数据收集也通过手机，智能手表和智能手机等移动设备完成，并持续跟踪各种用户信息，如通话记录，GPS位置，心率和活动。它在科学领域也是无所不在的：天文观测台，地球传感卫星和气候观测网每天产生数TB的数据。同时，数据产生的速度进一步迅速增加 - 全球所有数据的90％是在过去两年中产生的。
机器学习方法被用来挖掘所收集的相关信息的数据和/或通过生成的模型预测未来的发展。然而，当所有数据同时到达时，经典批量机器学习方法并不能满足在给定时间内处理纯粹数量的需求，导致未处理数据越来越多。此外，他们不会不断地将新的信息整合到已经构建的模型中，而是定期从头开始重新构建新的模型。这不仅非常耗时，而且还会导致潜在的过时模型。
克服这种情况需要将流式方案中的顺序数据处理转变为范式。这不仅可以在可用时立即使用信息，从而随时更新最新的模型，而且还可以降低数据存储和维护的成本。
增量和在线算法自然适合该方案，因为它们不断将信息纳入其模型，并且传统上旨在最小化处理时间和空间。由于其持续大规模和实时处理的能力，他们最近，特别在大数据背景下，获得了更多关注[1]。
增量算法也非常适合超越生产阶段的学习，使设备能够适应个人客户的习惯和环境。这对智能家居产品特别有用[2,3]。这里主要的挑战不是大规模的处理，而是从少数数据中持续有效地学习。尽管在这种情况下，增量学习可以通过在云中进行重复性批量学习来取代，但此解决方案具有严重的缺点。需要与云建立永久连接以提供任何时间的模型，这可能并不总是可行的。此外，由于隐私原因，客户可能不愿意提供他们日常生活的数据。因此，以有效方式直接在设备上学习仍然是非常需要的。关于文献中增量和在线学习的定义涉及很多含糊不清的问题。有些作者可以互换地使用它们，而有些则以不同的方式区分它们。诸如终身学习或进化学习等附加术语也被同义使用。我们将增量学习算法定义为一个在给定的训练数据流 s1,s2,⋯,st

上生成一系列模型 h1,h2,⋯,ht 的算法。在我们的例子中，si 被标记为训练数据 si=(xi,yi)∈ℝn×{1,⋯,C} 和 hi:ℝn{1,⋯,C} 是仅取决于 hi−1 和最近的 p 个例子 si，⋯,si−p 的模型函数，其中 p 被严格限制。我们将在线学习算法指定为增量式学习算法，这些算法在模型复杂性和运行时间方面有所限制，能够在资源有限的设备上进行无尽/终身学习。增量学习算法面临以下挑战：
• 该模型必须逐渐适应，即 hi+1基于 hi 构建而没有完全重新训练。
• 保存以前获得的知识，并且没有灾难性遗忘的影响[4]。
• 只允许有限数量的 p 个训练实例为主要内容
我们明确地假定数据要被标记，并且不关注从未标记或部分标记的数据流中学习的非关键情况。监督增量学习的设置可以应用于大多数预测场景。在这些系统做出预测之后，真正的标签通常可以推迟一些推断。例如，考虑汽车司机在过路处采取的行动路线。一旦汽车通过道口，记录的数据可以自动分析和标记。监督设置还包括明确提供标签的任务。例如，单个用户将电子邮件标记为用于垃圾邮件分类的垃圾邮件，但是在人与机器人交互中标签可能被明确要求。
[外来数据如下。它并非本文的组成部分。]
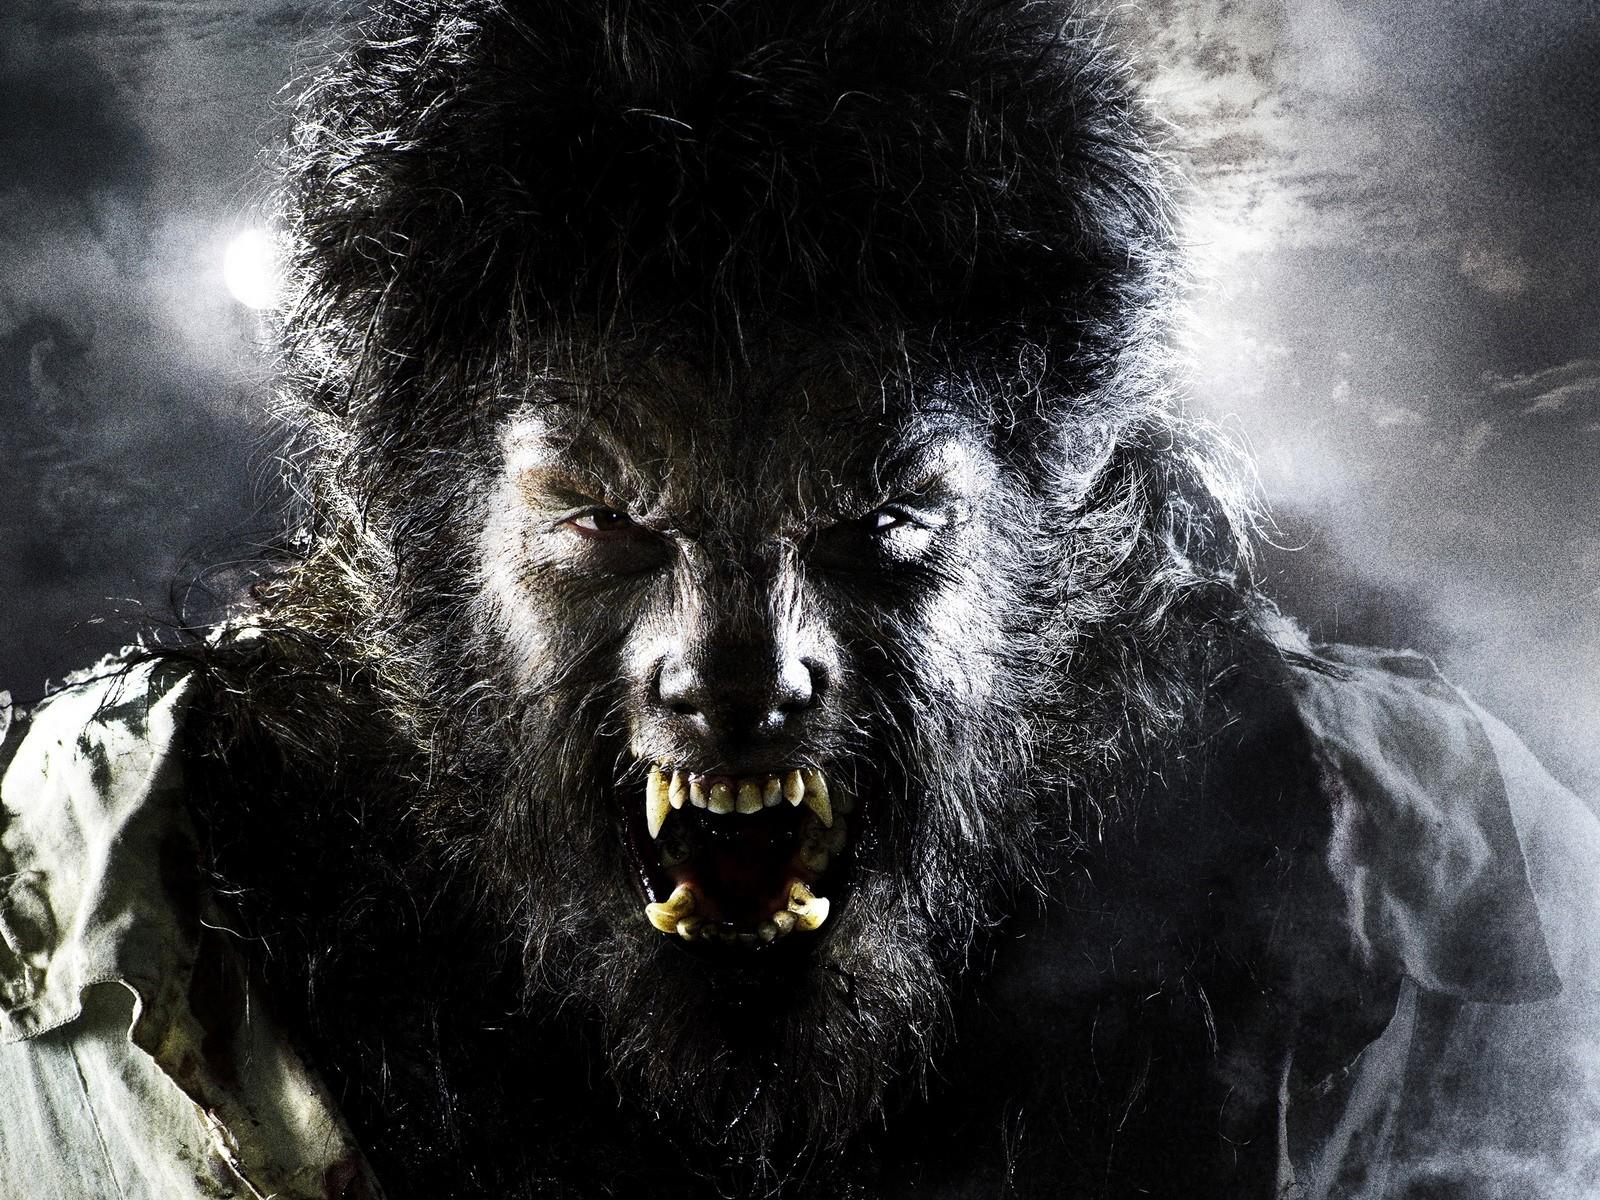 152 Werewolf HD <b>Wallpapers</b> | <b>Backgrounds</b> - <b>Wallpaper</b> Abyss

一个算法必须根据给定任务的先决条件来选择，因为不存在一种在每个场景中都能最优执行的方法[5]。到目前为止，已经发布了不同有趣的增量学习算法，并具有各种优势和弱点。然而，由于基本上没有比较深入的研究，所以只有少数几个来源提供关于它们的信息，根据最相关的标准通过实验比较最常用的方法是可用的。在文献中的广泛研究通常导致认为算法的原始出版物由于以下原因而仅在一定程度上有所帮助：
作者自然集中于展示其方法的优点，因此将它们应用于特定设置（特别是算法设计的设置）。提议的算法通常与几个数据集上的一个或两个其他方法进行比较，仅提供有限的整体算法质量图。即使人们接受重现结果的努力，由于专有数据集或未知的超参数设置，通常也是不可能的。最后，人们可以根据自己的经验选择一种方法，通常只包含一小部分可用的算法，或者简单地投入大量资源来尝试几种方法。
在本文中，我们通过分析八种常用方法的核心属性来填补这一空白。我们的研究旨在对算法整体性能进行基本比较，而不受限于特定场景，例如资源非常有限的平台。但是，特定设置的性能可以从本文提供的一般结果中推断出来。我们根据预先通常可用的基本信息（例如维度/样本数量）指导算法选择1。我们的离线和在线设置评估可在精度，收敛速度和模型复杂度方面进行广泛比较。不同数据集上的实验评估各自方法的优缺点，并就其对特定任务的适用性提供指导。此外，我们分析了超参数优化（HPO）的过程，并研究了如何基于一小组示例来估计它们的强健程度。
我们的重点在于增量/在线算法的监督学习下的分类。我们主要对固定数据集进行评估（即我们假设流s1,s2,⋯是 i.i.d.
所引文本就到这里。